Lancelot: Percy's Romance
Johnson, Mark, The Southern Literary Journal
Walker Percy's Lancelot has been sharply criticized as an inept novel, but it should be seen as a contemporary romance. (1) As Flannery O'Connor says in "Some Aspects of the Grotesque in Southern Fiction," "Hawthorne knew his own problems and perhaps anticipated ours when he said he did not write novels, he wrote romances. Today many readers and critics have set up for the novel a kind of orthodoxy. They demand a realism of fact which may, in the end, limit rather than broaden the novel's scope." According to O'Connor, the writer's "true country" is "what is eternal and absolute," which she insists "covers considerable territory." (2) While Lancelot is not Percy's best book, only reading it properly--as a romance--grants us entry to its true country.

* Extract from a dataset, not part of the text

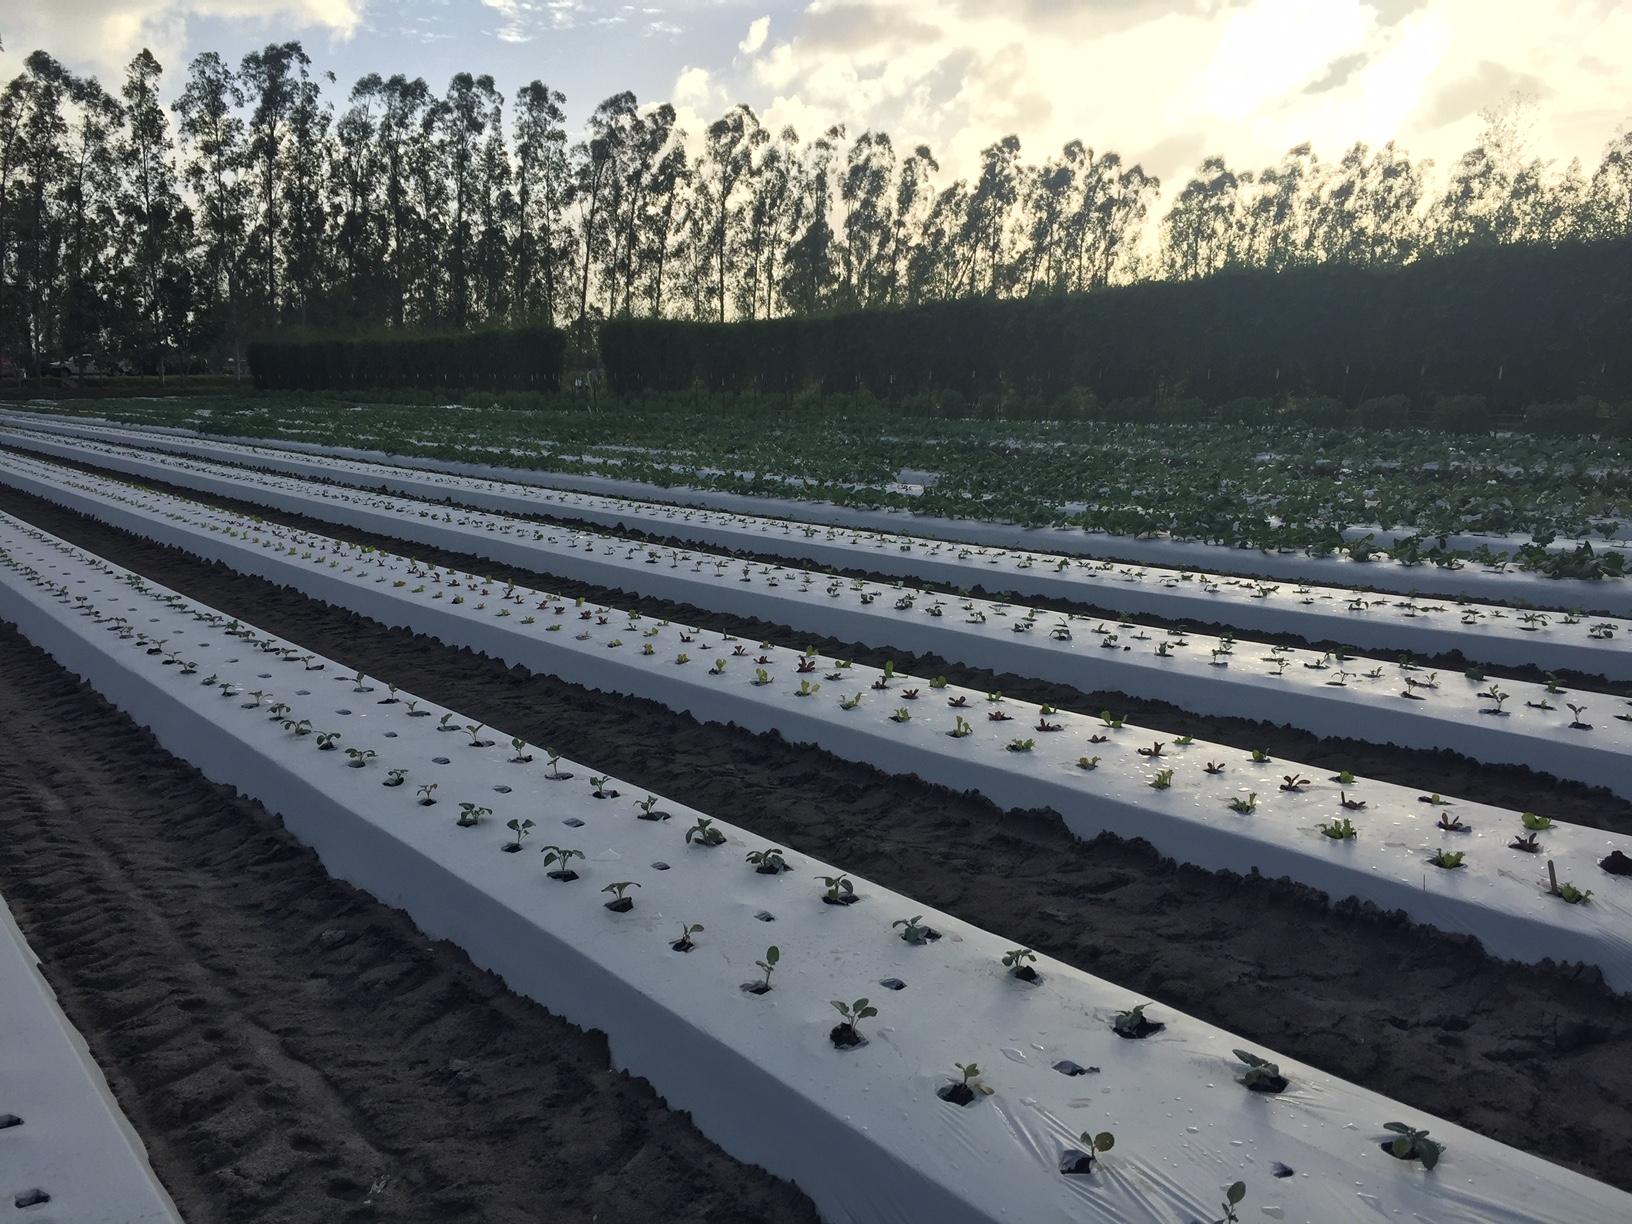 Kai Kai Farms, planting beds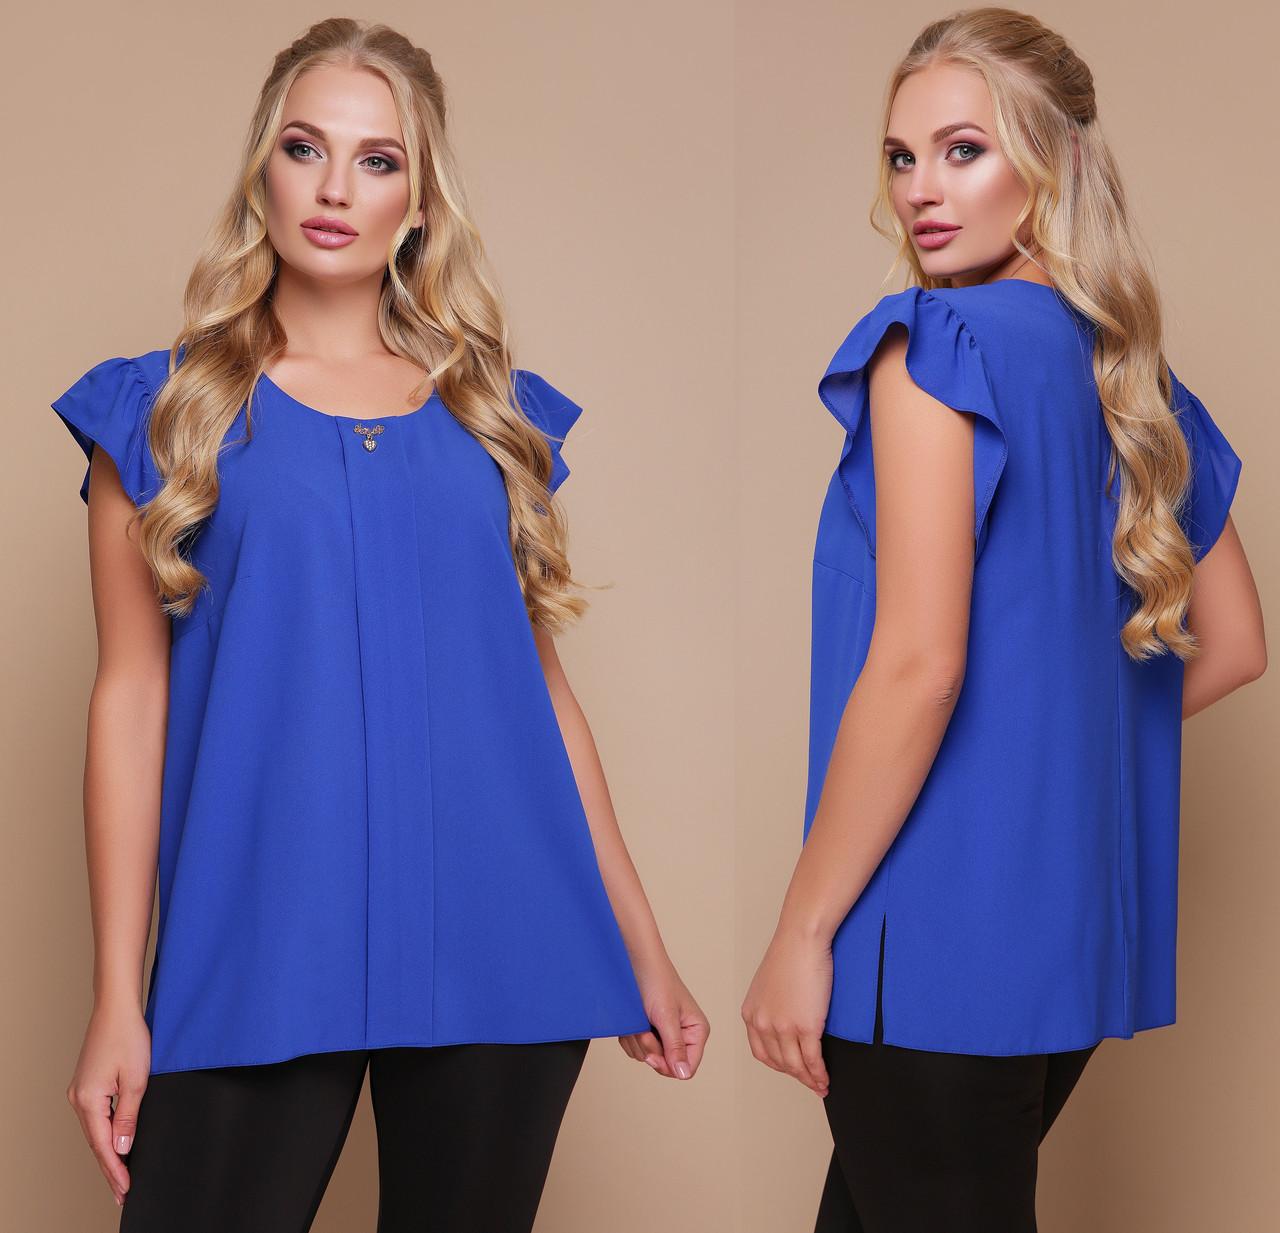 Блузка женская шифоновая нарядная блуза трикотажная летняя больших размеров рукав волан

In contrast to the novel, Richard Chase observes, the romance "tends to prefer action to character," presenting two-dimensional characters who tend to be abstract and symbolic and who are frequently in a "deep and narrow, an obsessive, involvement." (3) The first words of Lancelot emphasize the narrowness of Lance's obsessions:
Come into my cell. Make yourself at home. Take the chair; I'll sit on the cot. No? You prefer to stand by the window? I understand. You like my little view. Have you noticed that the narrower the view the more you can see? For the first time I understand how old ladies can sit on their porches for years. (p. 3)
Lance later speaks of his room as "nothing but a small empty space with time running through it and a single tiny opening on the world" (p. 107). Lance's obsession with his narrow view, while restricting his range of vision, has the virtue of concentrating his perceptions. On one level, the room is a metaphor for the operation of the romance.
While I cannot develop the idea in this essay, certainly the romance has undergone a radical metamorphosis since the nineteenth century. The distinction between novel and romance is still useful, however, and I would direct the reader to Robert Scholes' insightful discussion of Durrell and Fowles as modern romancers in Fabulation and Metafiction. Citing Borges' statement, "reality is not verbal," Scholes examines the epistemological problems of realism and the consequent return by such authors as Fowles and Barth to the "more fantastic and more philosophical romance." In The Nature of Narrative, he and Robert Kellogg are careful to note that "the novel is not the opposite of romance," and they cite Hawthorne as a pivotal figure in the development of the modern romance in his intentional blurring of the distinction between illustrative and representational art. Fifteen years ago, they observed that just as the novel evolved as a synthesis of empirical and fictional impulses, "the grand dialectic is about to begin again, and ... the novel must yield its place to new forms." (4)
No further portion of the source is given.